During public testimony before the Alaska School Activities Association board on Monday, some Alaskans staunchly opposed a proposed rule that would prohibit transgender girls from participating in girls’ sports.
The testimony was in response to a proposed change in ASAA’s current bylaws, which allow transgender girls to play on a team that aligns with their gender identity, regardless of their sex at birth. The proposed new bylaws would amend that rule to create two divisions of sports teams: one that is made up of students of any gender and one that is strictly open to students who were assigned female at birth.
Dozens of Alaska residents were signed up to testify against the proposed rule, with many calling the rule anti-trans. The hearing was held at the Valdez Civic and Convention Center.
Phillip Moser, a testifier from Juneau, was one of the testifiers who showed support for transgender girls in sports. “Transgender kids, transgender people do not pose a risk to other kids in schools. They are at risk themselves, more now than ever,” he said.
Moser was joined by other testifiers like Selah Bauer who expressed her distaste for the proposed ruling.
“This is a legislation that has been put forth by people who are plainly put, transphobic,” Bauer said.
Some of the opposition comes from concern about the board overstepping its authority. There are currently no laws that prohibit transgender girls from participating in girls’ high school sports in the state. Although the proposed House Bill 27 could change that if passed. The lack of official law surrounding this issue prompted questions about the power of the athletics board.
Other testifiers spoke to their concerns about the direction of the state as a whole. Anchorage resident Jamie Chope said that inclusive sports teams helped him and his wife grow and learn. He said that having diverse sports teams made their lives better. And said that he hopes his child, and his child’s friends, will have the same opportunity to participate in inclusive sports.
But if the rule change did pass, Chope said that he and his wife might reevaluate staying in Alaska. “Our lives in Alaska would be diminished, and we would reconsider whether our young family would continue to make this state the place we live and work,” he said.
Laura Steele, a testifier from Juneau, shared similar concerns to Chope about the future of Alaska’s children in sports.
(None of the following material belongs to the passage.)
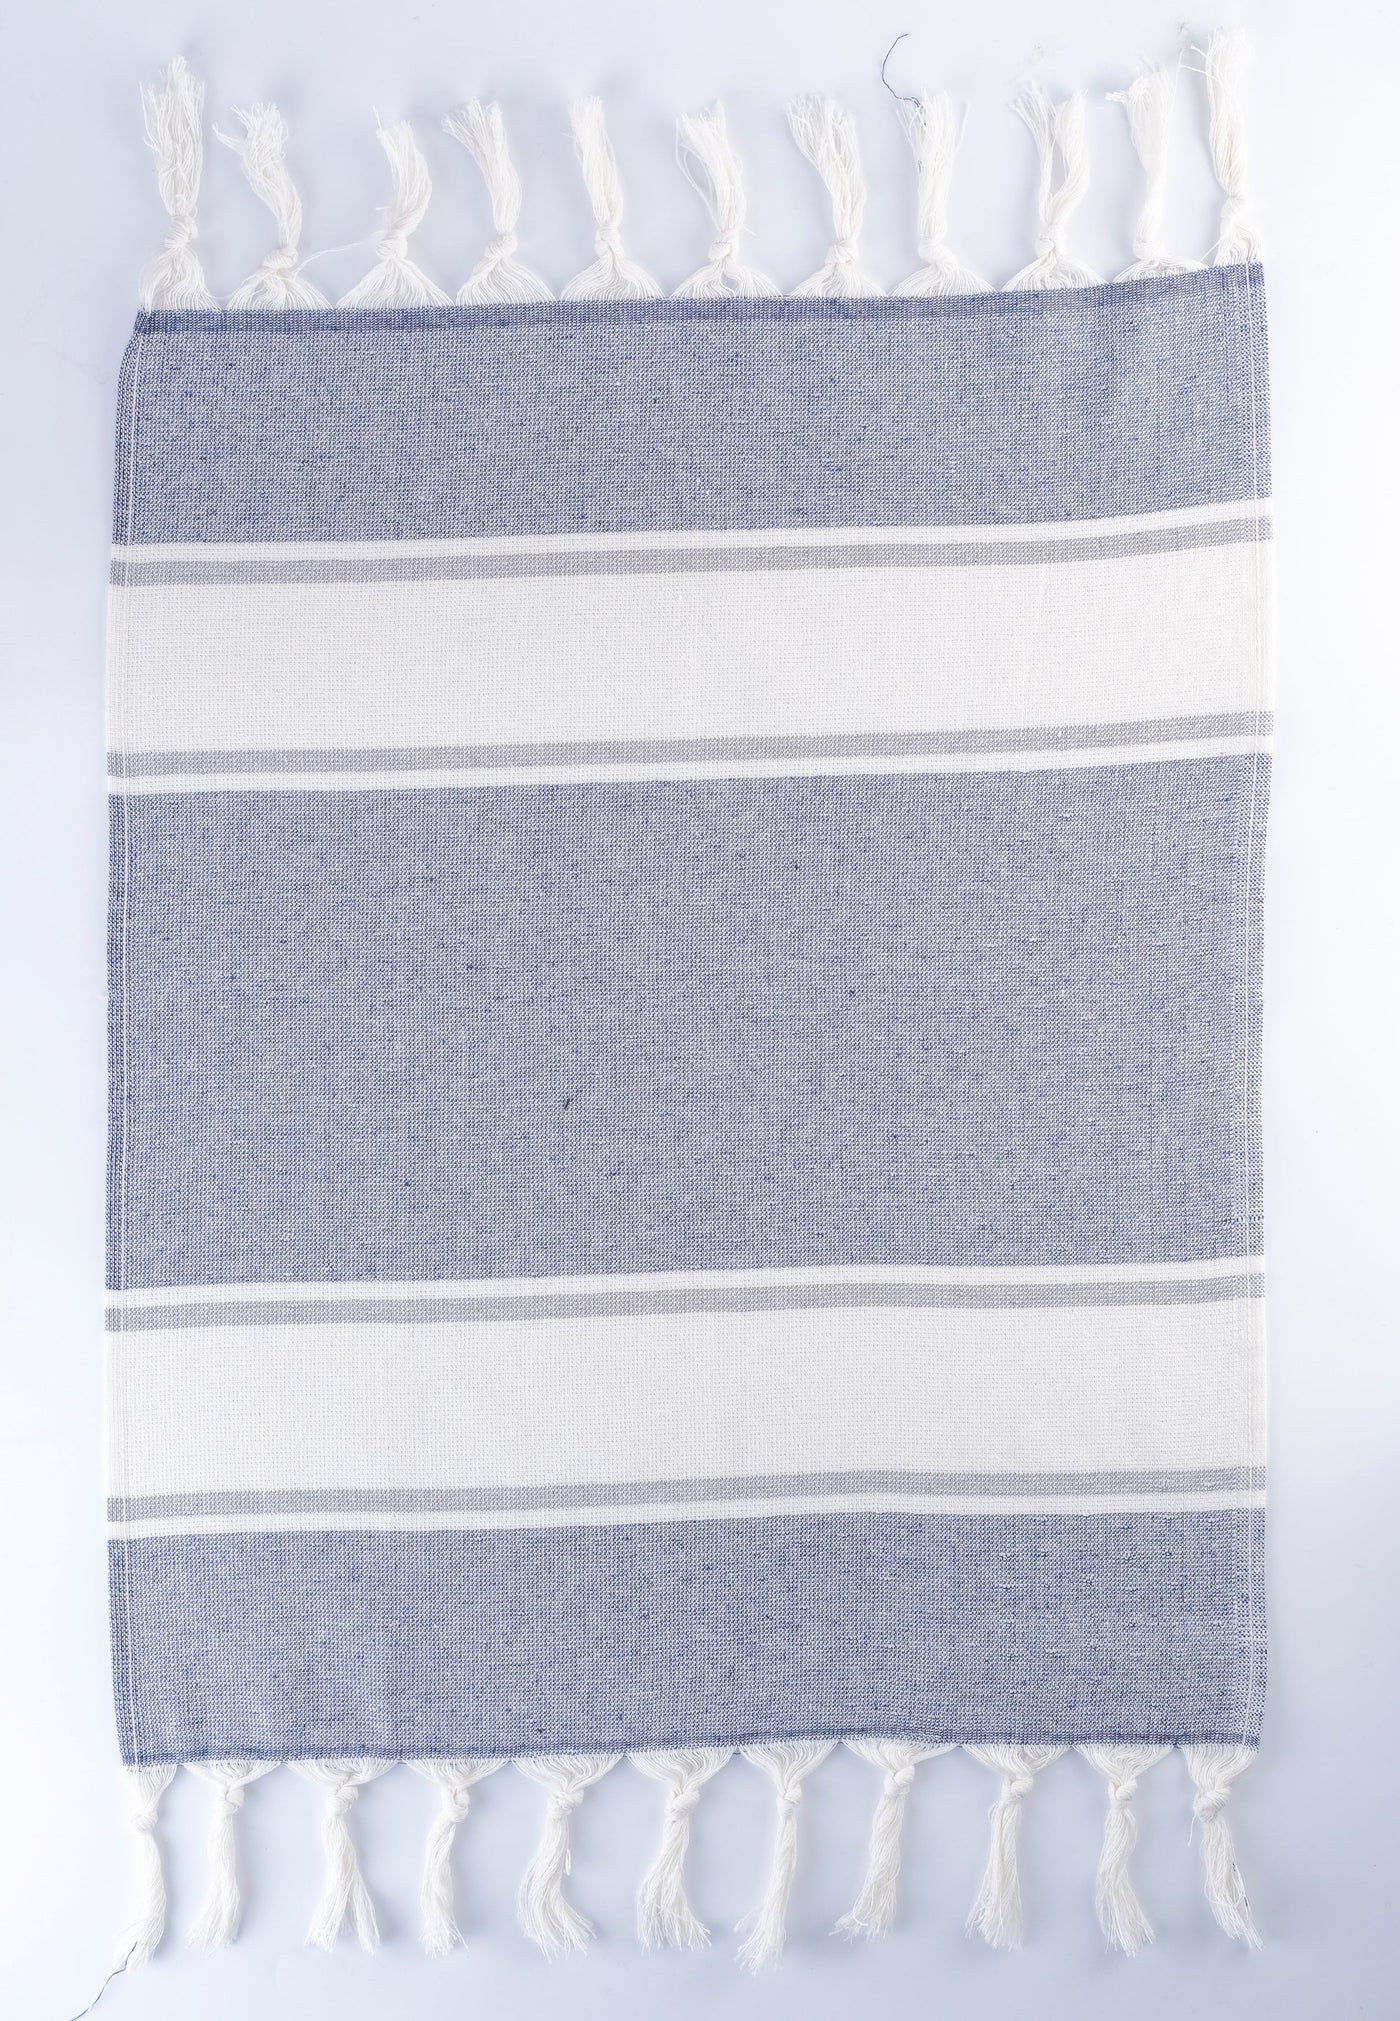 Smyrna Turkish Hand / Kitchen Towel 4 pack 23x17in by La'Hammam

She said that while her daughter was only 2 years old, Steele hoped that she could grow up to play sports that were inclusive to everyone.
“I’m not afraid of trans girls sharing a changing room with my daughter one day. I’m not afraid of her being beaten by trans girls in sports,” Steele said. “What I am afraid of is the violence and bigotry that other people’s daughters are now facing by policies like this one that your body has proposed.”
While many testifiers seemed in stark opposition to the proposed rule change, some were in favor of it. Of those in favor was Sen. Shelley Hughes, R-Palmer.
In her written testimony, she said that the proposed rule change would protect girls, which she says is the demographic that has been left out of the conversation.
“You know like I do, that if the proposed bylaw change before you is not adopted, we will lose an even-playing field in sports for girls and females will face discrimination,” Hughes said in her written testimony.
Her testimony also addressed the issue of high suicide and depression rates for transgender individuals, something that some testifiers in opposition to the proposed change said would increase if trans students were prohibited from participating in girls’ sports. Hughes said that if the board did not pass this new rule, rates of suicide and depression would worsen among teenage girls.
Hughes has also pushed back against accusations that supporters of the rule change are transphobic.
She noted that the new rules would not take away equal access to sports. “Every. Single. Athlete would have ample opportunities to participate in school sports,” she said in her testimony.
However, not all testifiers seemed to share Hughes’ opinion. Hope Uele, calling from Anchorage, questioned the motivations of the board.
“ASAA’s mission statement is to provide and promote opportunities through activities for all Alaska students,” she said. “So unless the definition of ‘all’ has changed, the proposed proposal goes against that mission statement.”